Relational DBs on Key-Value Stores
Over the last several years, we’ve seen the rise of fast, ordered, transactional key-value stores such as leveldb
, rocksdb
, and lmdb
. These are all very cool projects in their own rights, but perhaps even more notable are the projects built on top of them, such as MyRocks, SQLite4, CockroachDB, and Google’s F1.
To better understand how these work, I’ve been hacking together a basic relational database on a key-value store named voodoo. Interestingly, many of the concepts are applicable to everyday usage of a normal SQL database, especially in understanding query plans and indexes.

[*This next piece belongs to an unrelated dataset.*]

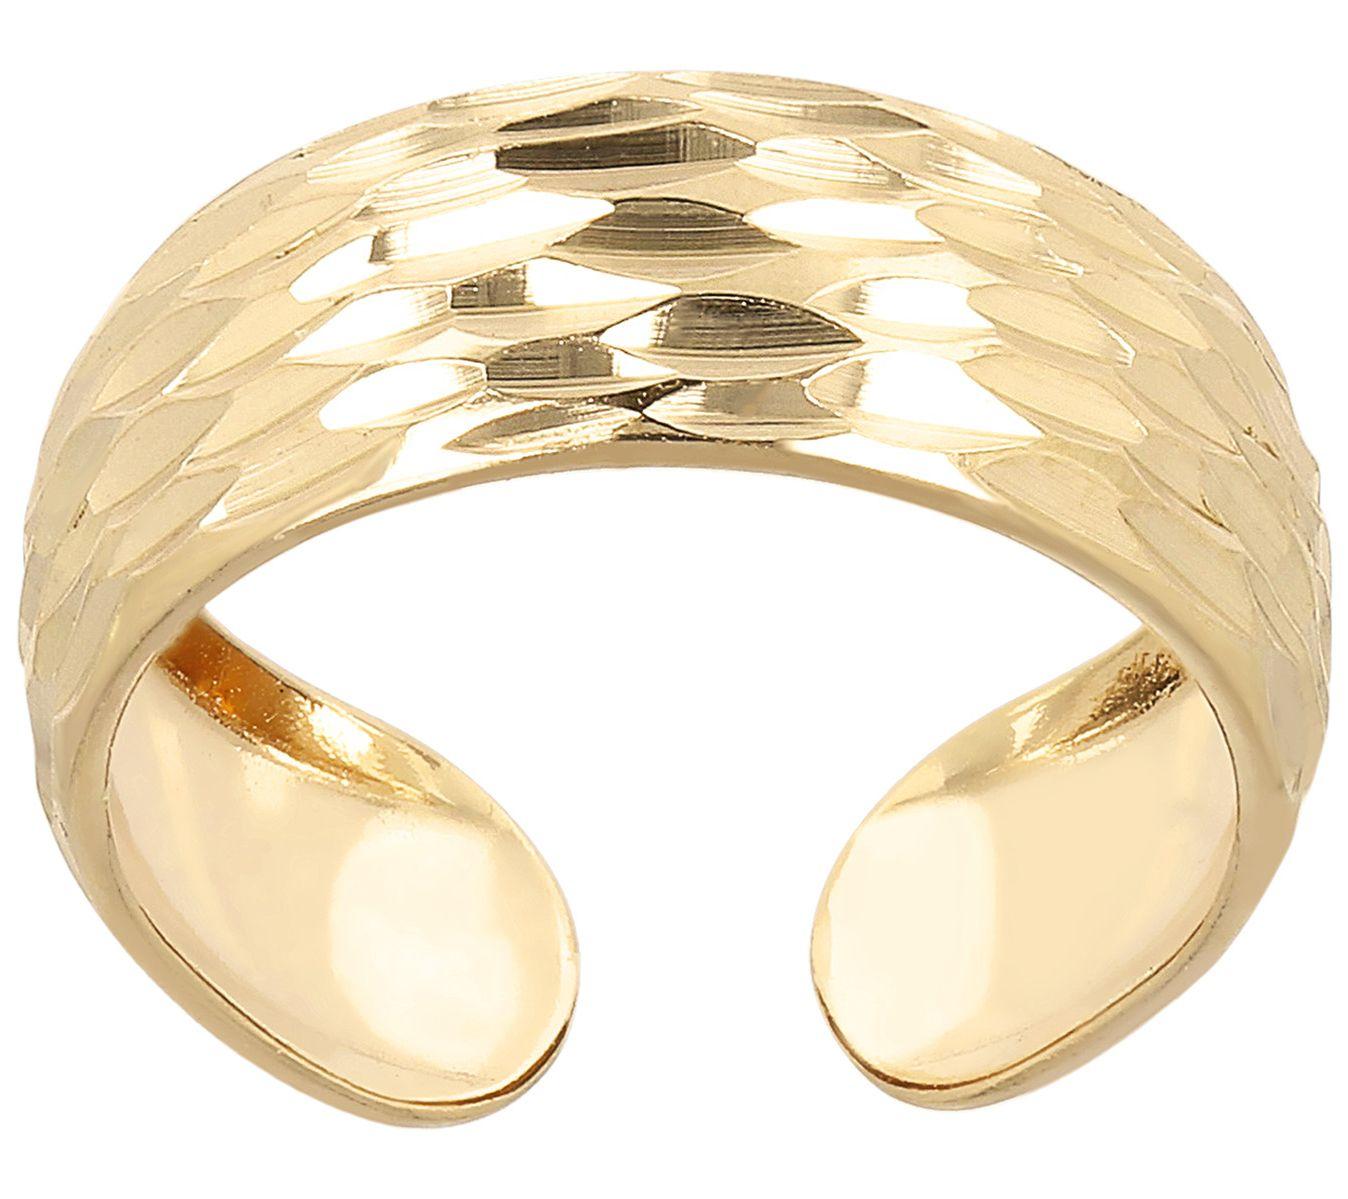 Veronese 18K Clad Adjustable Diamond-Cut Toe Ring

Starting from the Beginning #
A relational database is centered around the concept of a table
, which is comprised of rows
and columns
. Notably, all tables have a column labeled as a primary key
, which is used to uniquely identify each row. In the example users
table below, id
is the primary key
.
id | username | |
---|---|---|
1 | ian | root@example.com |
2 | alice | alice@security.com |
3 | eve | eve@pwned.com |
If we had a key value store that implemented the interface:
type KV interface {
Get(key []byte) []byte
Set(key []byte, val []byte)
}
we could map each row of the above table onto it by setting keys for each primary key, making sure to include the table name:
'users/1' => 'username: ian, email: root@example.com'
'users/2' => 'username: alice, email: alice@security.com'
'users/3' => 'username: eve, email: eve@pwned.com'
And in doing so, could set and retrieve rows of our users
table by primary key.
Indexes #
What would we do if we wanted to look up users
where email = alice@security.com
? We have no way to see what keys exist if we just have the above interface. Luckily, all of the aforementioned key-value stores implement an interface that looks more like:
type KV interface {
Get(key []byte) []byte
Set(key []byte, val []byte
Walk(prefix []byte) Iterator
}
type Iterator interface {
// get the value at the iterator location
Val() []byte
// get the current key
Key() []byte
// move to the next key
Next() bool
}
which allows us to traverse the keyspace by prefix. So with some code like:
iterator := kv.Walk([]byte("users/"))
for iterator.Next() {
if hasEmail(iterator.Val(), "alice@security.com") {
return iterator.Val()
}
}
We could find the key associated with email: alice@security.com
by iterating through all of the keys until we find a matching row (or all matching rows if the column isn’t marked unique). This is known in RDBMS terminology as sequential scan, something you may have seen in the output of a SQL EXPLAIN
before (probably marked Seq Scan
). Unfortunately, while this strategy will work, it’s not particularly fast. To make this query fast we’ll need what’s known as a secondary index
, a mapping of all emails to the keys in which they belong, akin to the SQL CREATE UNIQUE INDEX users_email_idx ON users(email);
. This is fairly straightforward, changing our keyspace to look like:
'users/1' => 'username: ian, email: root@example.com'
'users/2' => 'username: alice, email: alice@security.com'
'users/3' => 'username: eve, email: eve@pwned.com'
'users_email_idx/root@example.com' => 'users/1'
'users_email_idx/alice@security.com' => 'users/2'
'users_email_idx/eve@pwned.com' => 'users/3'
With this change implemented, our pseudo-go-code to look up alice@security.com
becomes:
primaryKey := kv.Get([]byte("users_email_idx/alice@security.com"))
row := kv.Get(primaryKey)
As one might imagine, this indexing does not come for free, as it both takes up more space on disk, and means we have to insert two keys for every one row we want to write in a table.
The same concept we used to create a single-column secondary index applies to the creation of composite indexes - mapping the SQL CREATE UNIQUE INDEX users_username_email_idx ON users(username, email)
to keys like 'users_username_email_idx/eve/eve@pwned.com' => 'users/3'
.
Wrapup #
The above techniques allow a relatively powerful mapping of a simple relational database onto a key-value store, while not holding us back as we pave the way for more complex features (JOIN
operations, “real” SQL
parsing, executing, and planning, etc.).